TASK OBJECTIVE
Please give the listing again in full, leaving out its images.

SOURCE DATA

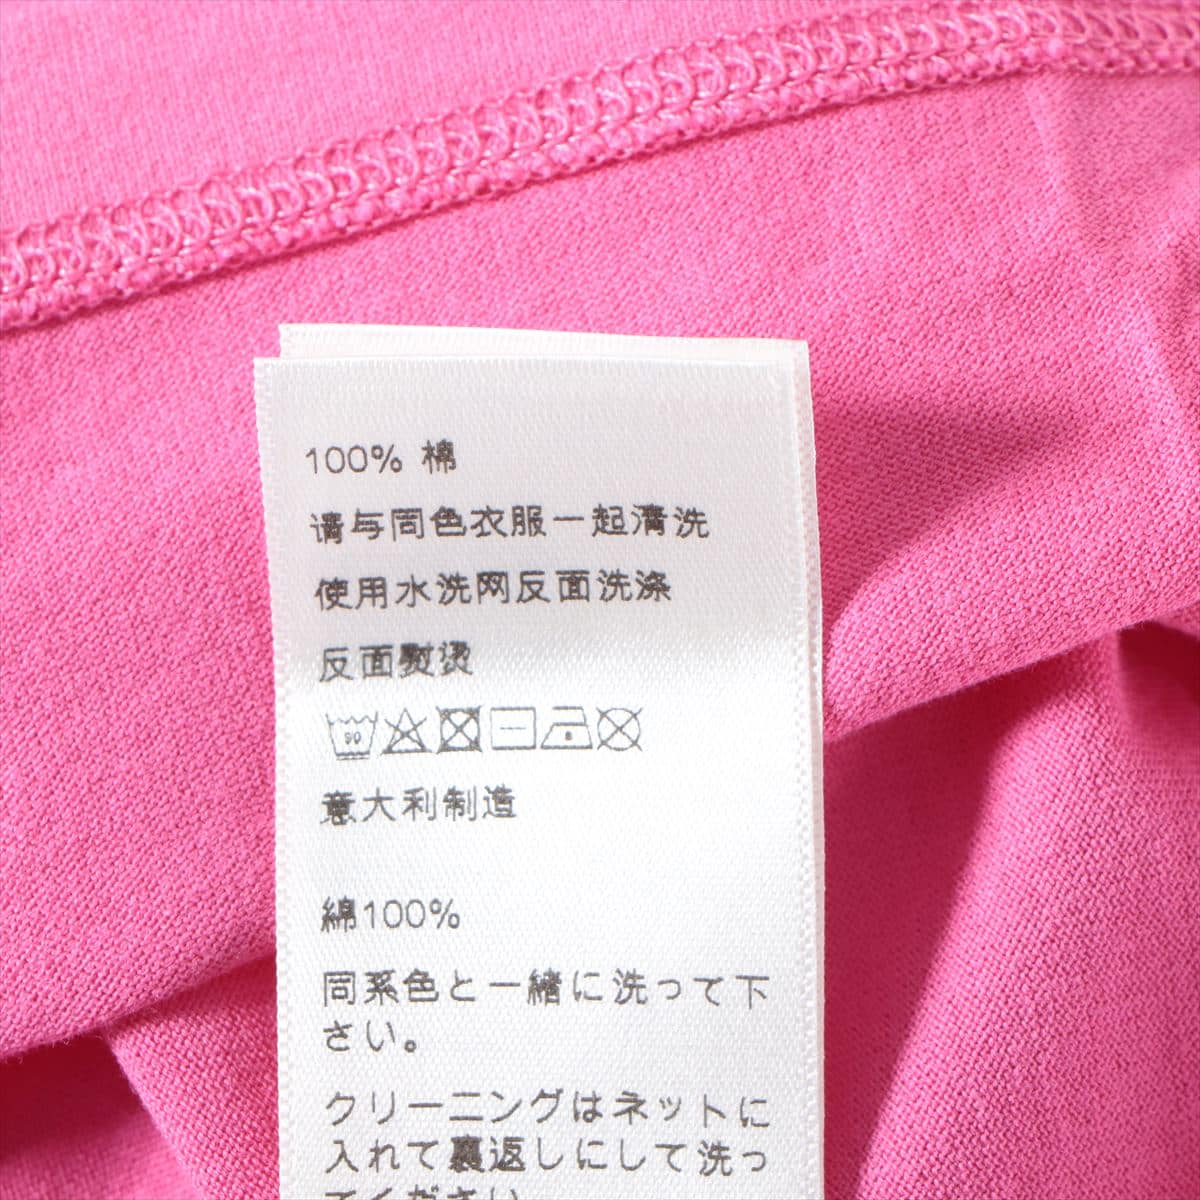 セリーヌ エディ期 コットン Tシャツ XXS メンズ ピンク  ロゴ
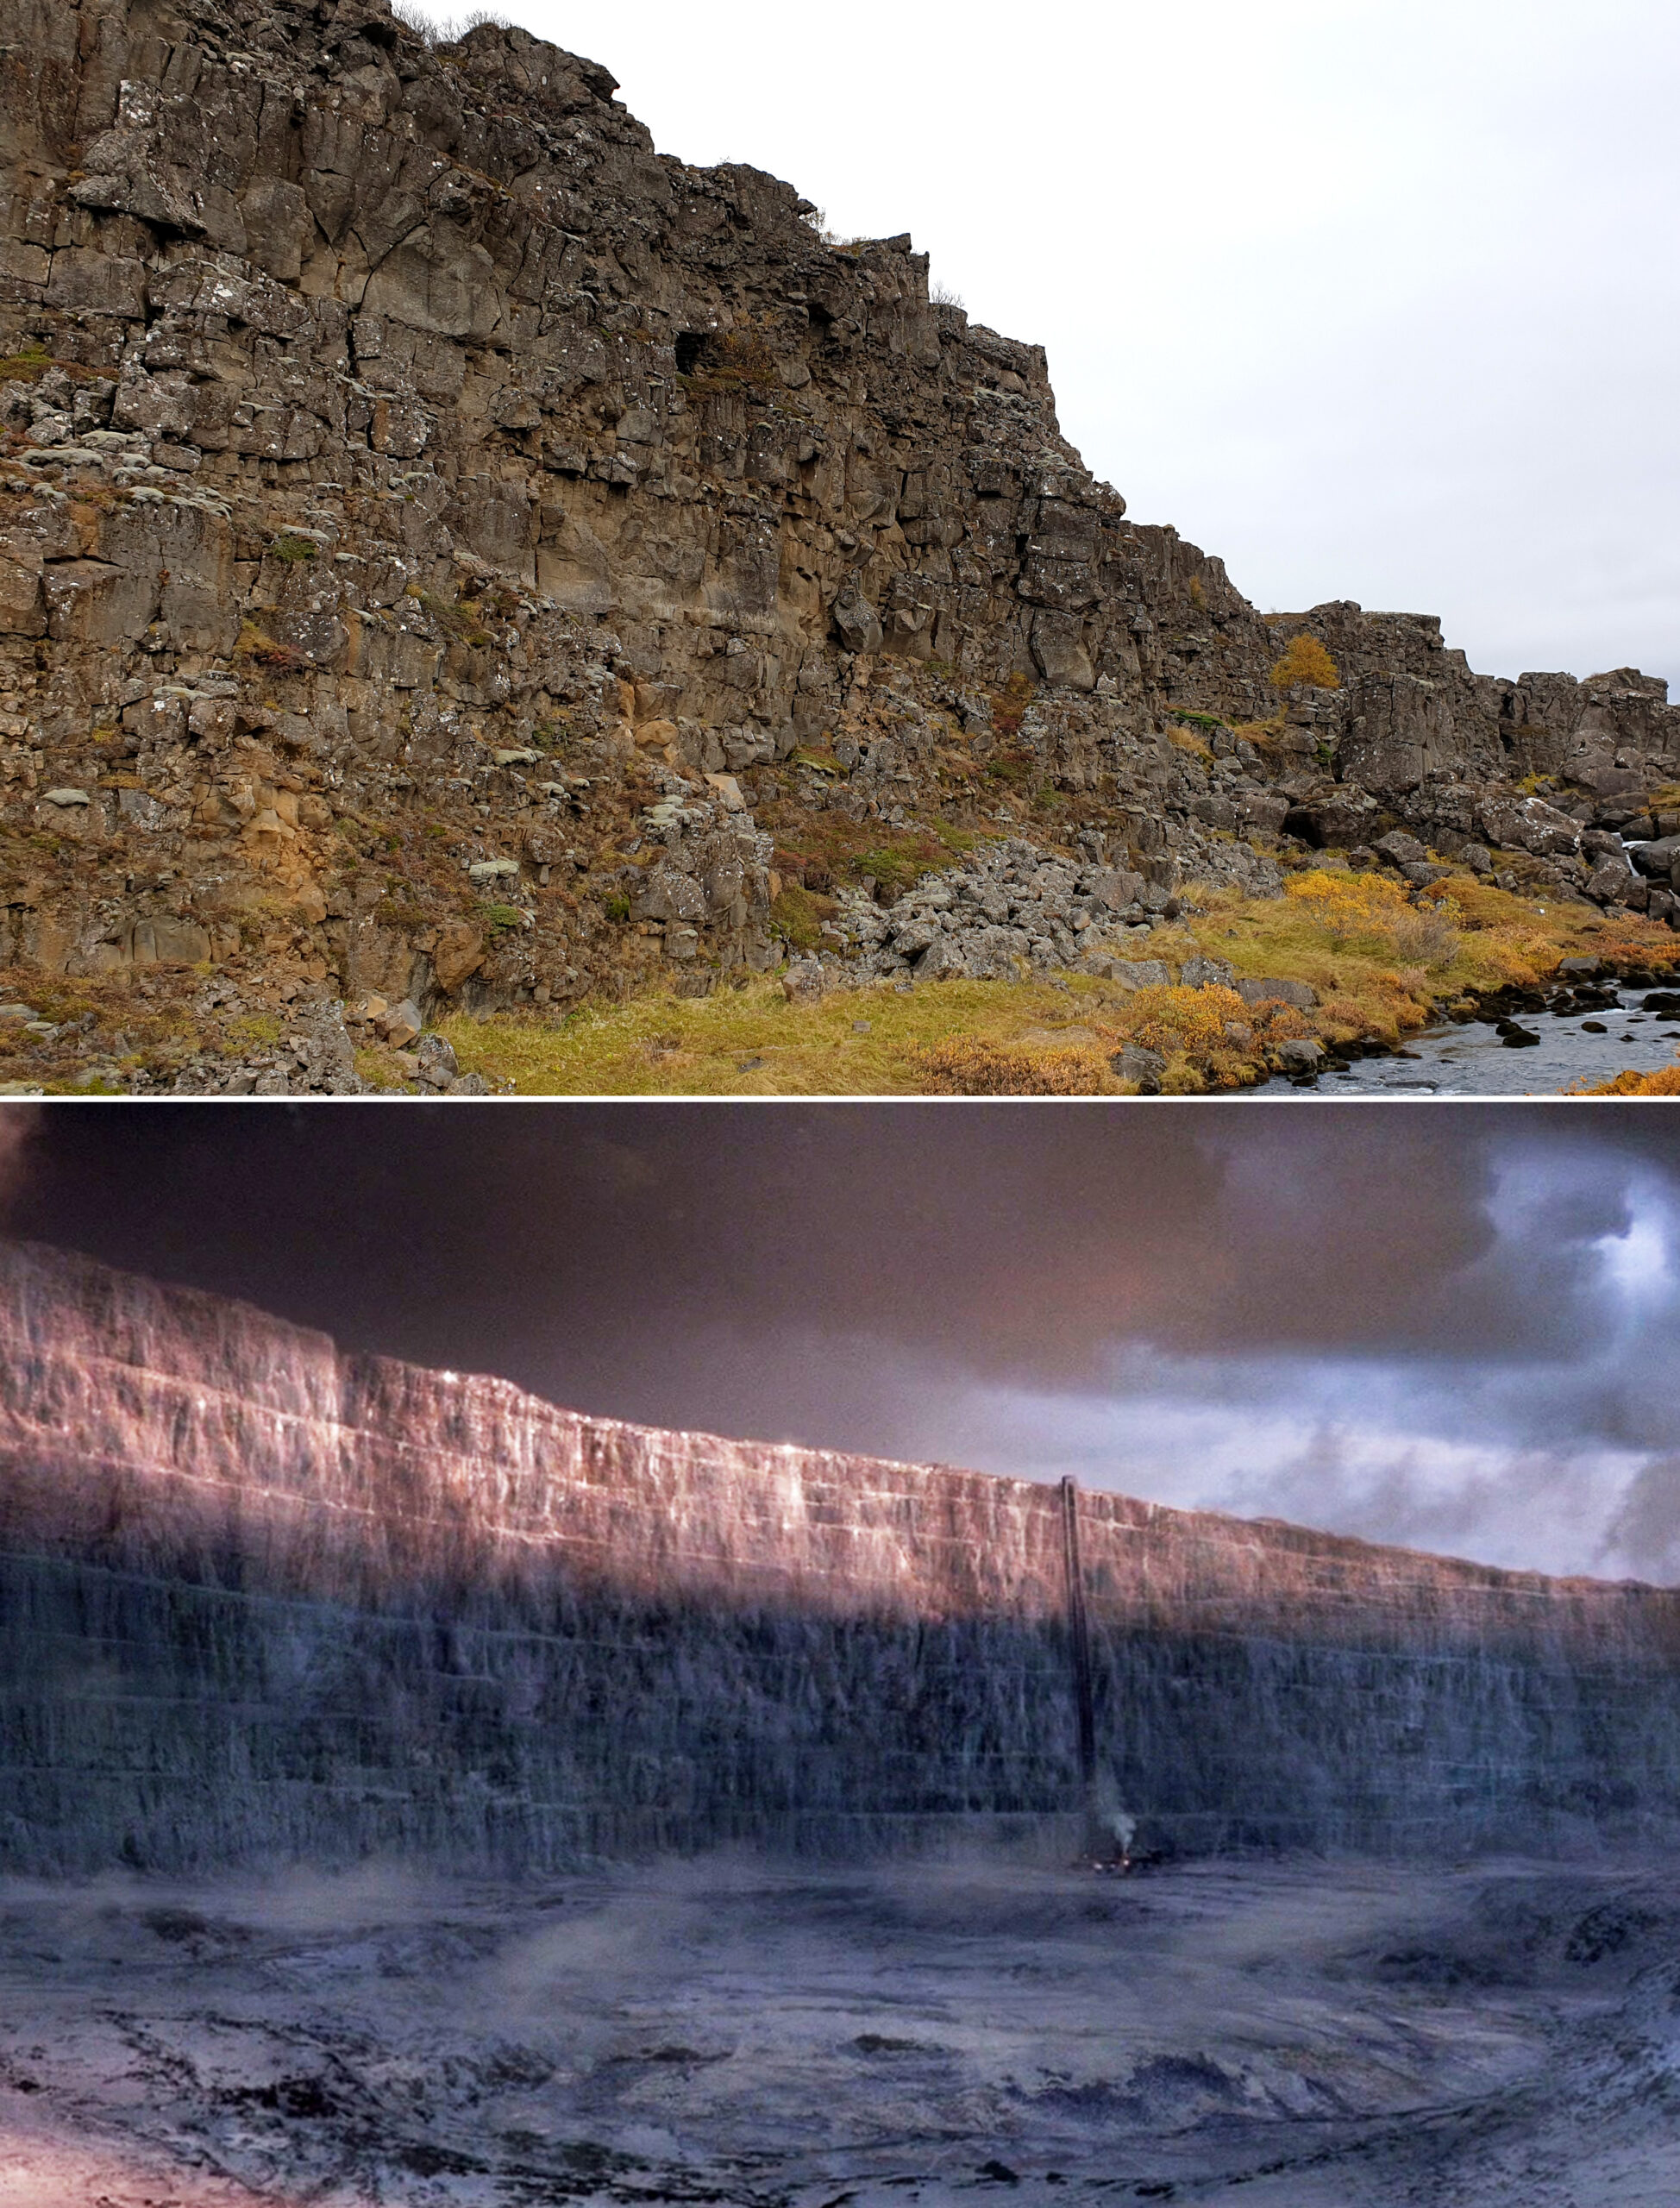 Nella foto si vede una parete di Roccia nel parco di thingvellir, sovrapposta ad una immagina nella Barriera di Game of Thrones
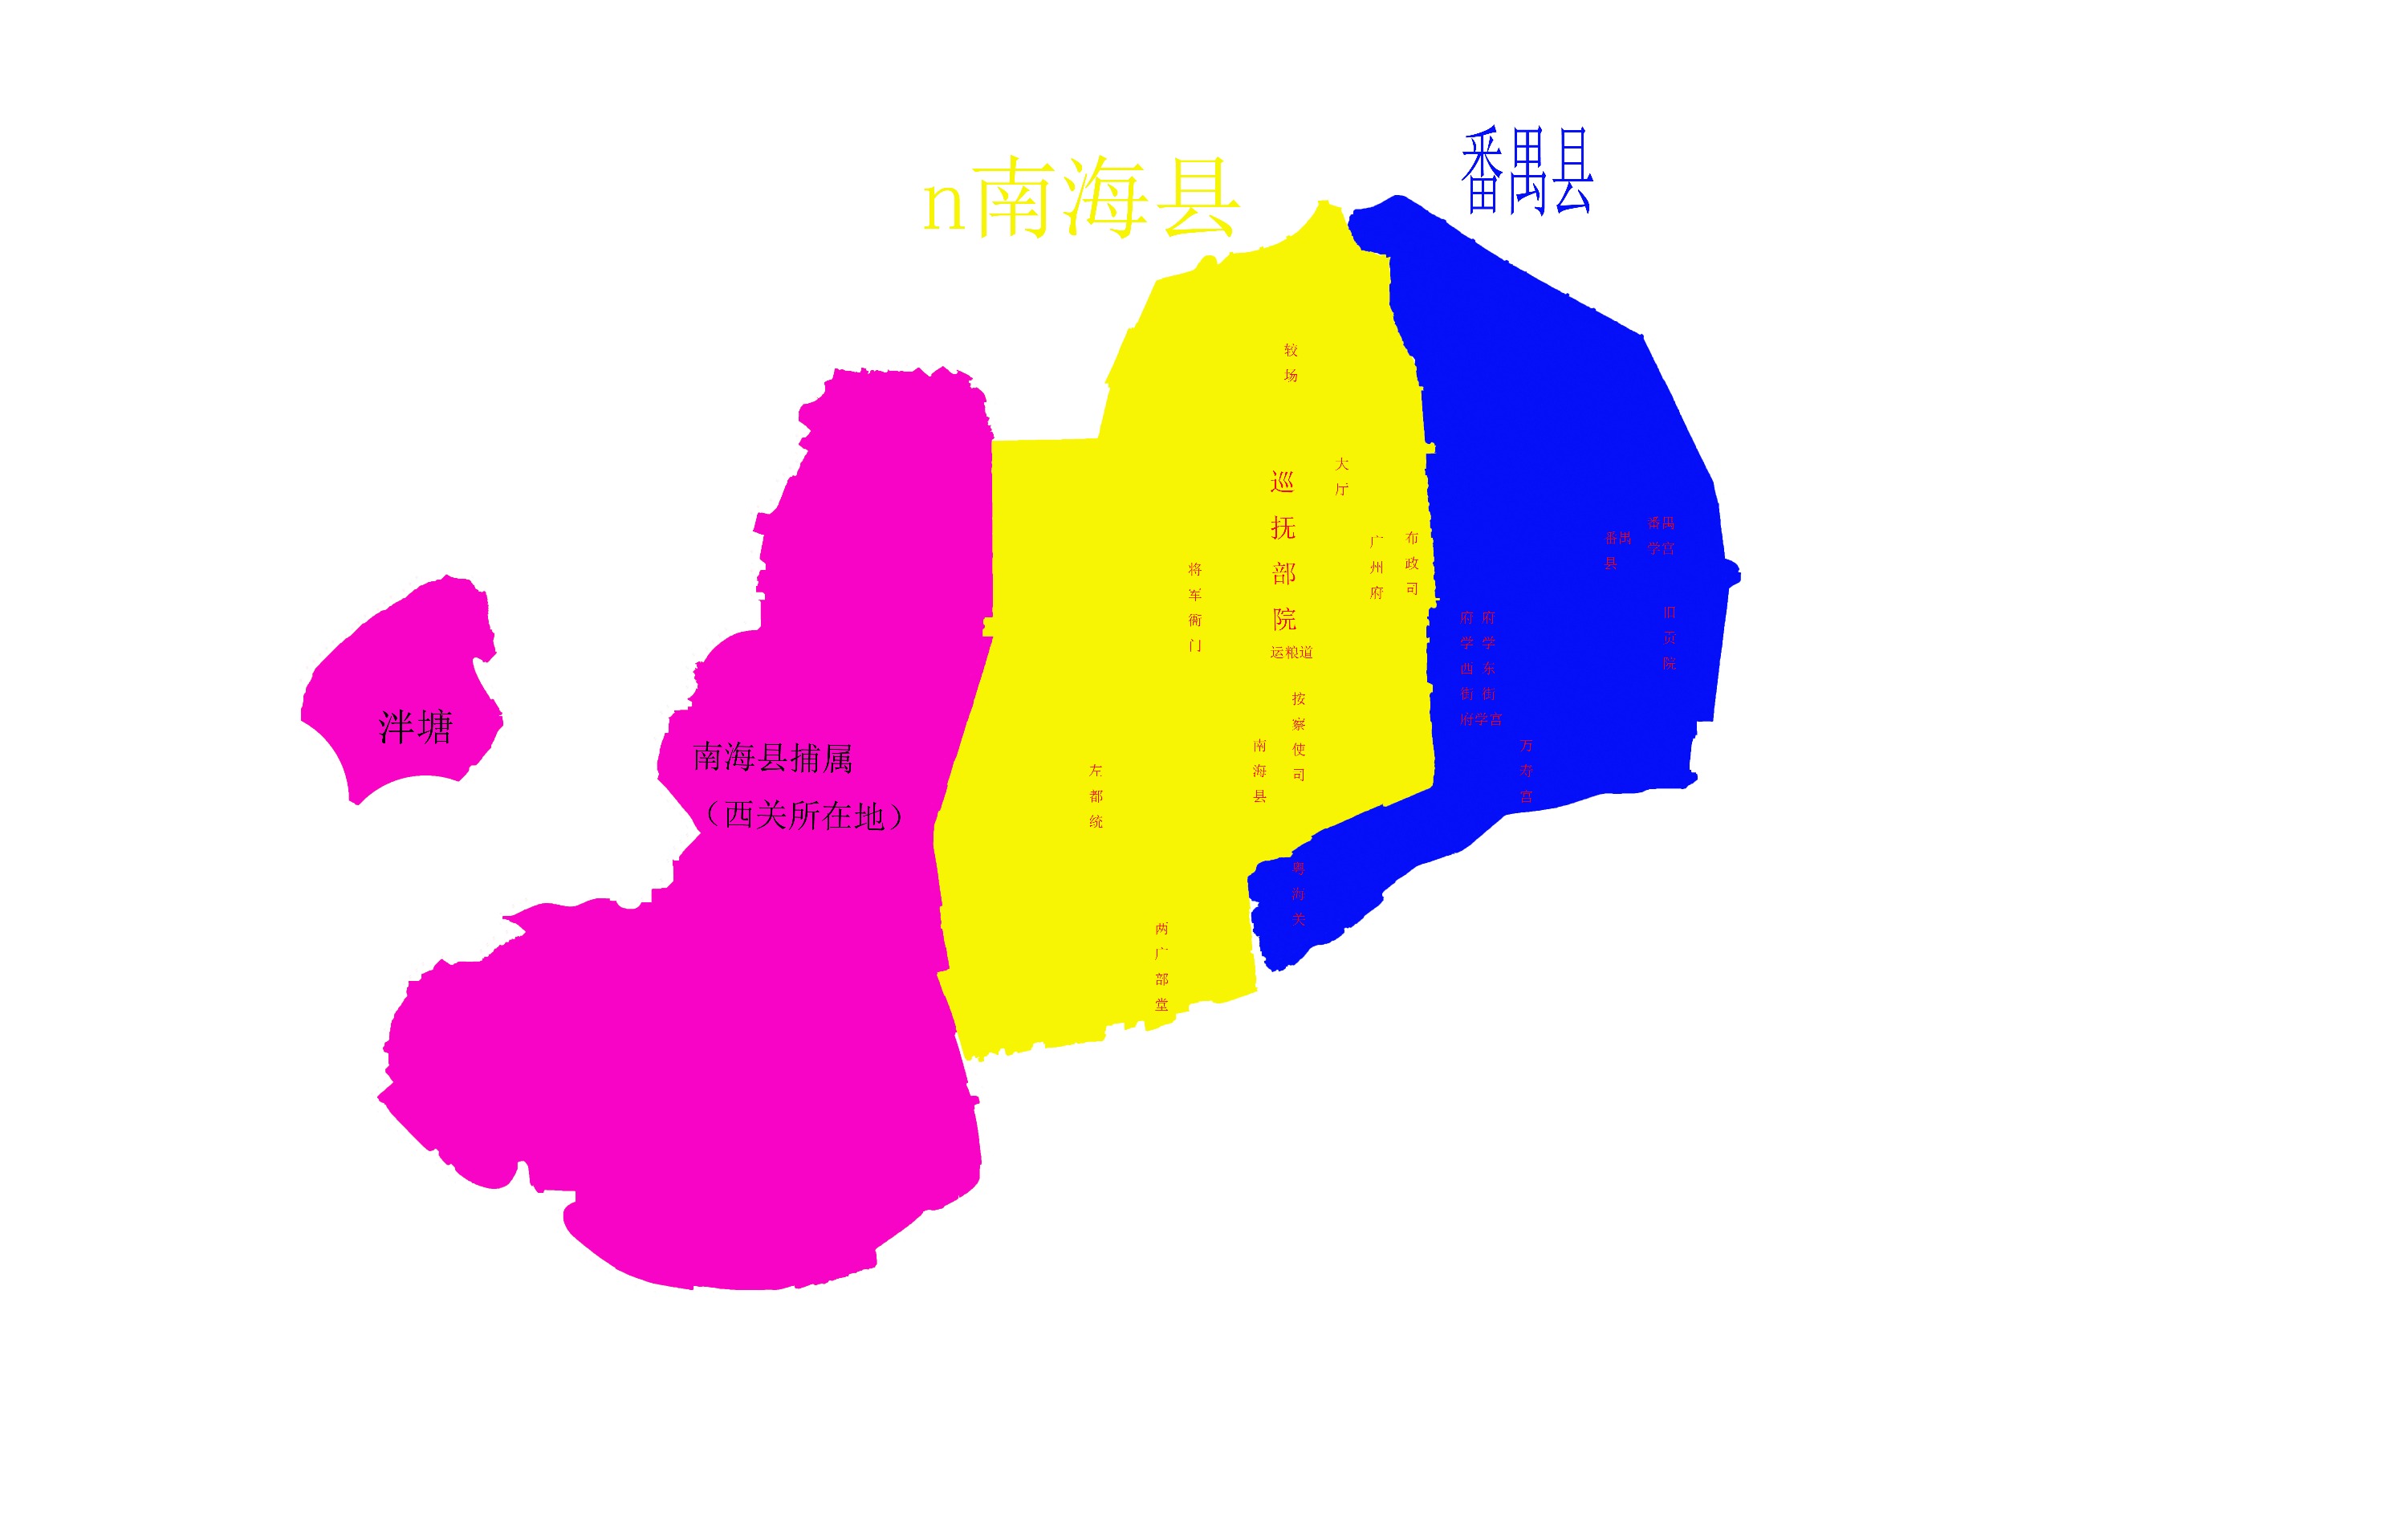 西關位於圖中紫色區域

RESPONSE
 セリーヌ エディ期 コットン Tシャツ XXS メンズ ピンク  ロゴ
 Nella foto si vede una parete di Roccia nel parco di thingvellir, sovrapposta ad una immagina nella Barriera di Game of Thrones
 西關位於圖中紫色區域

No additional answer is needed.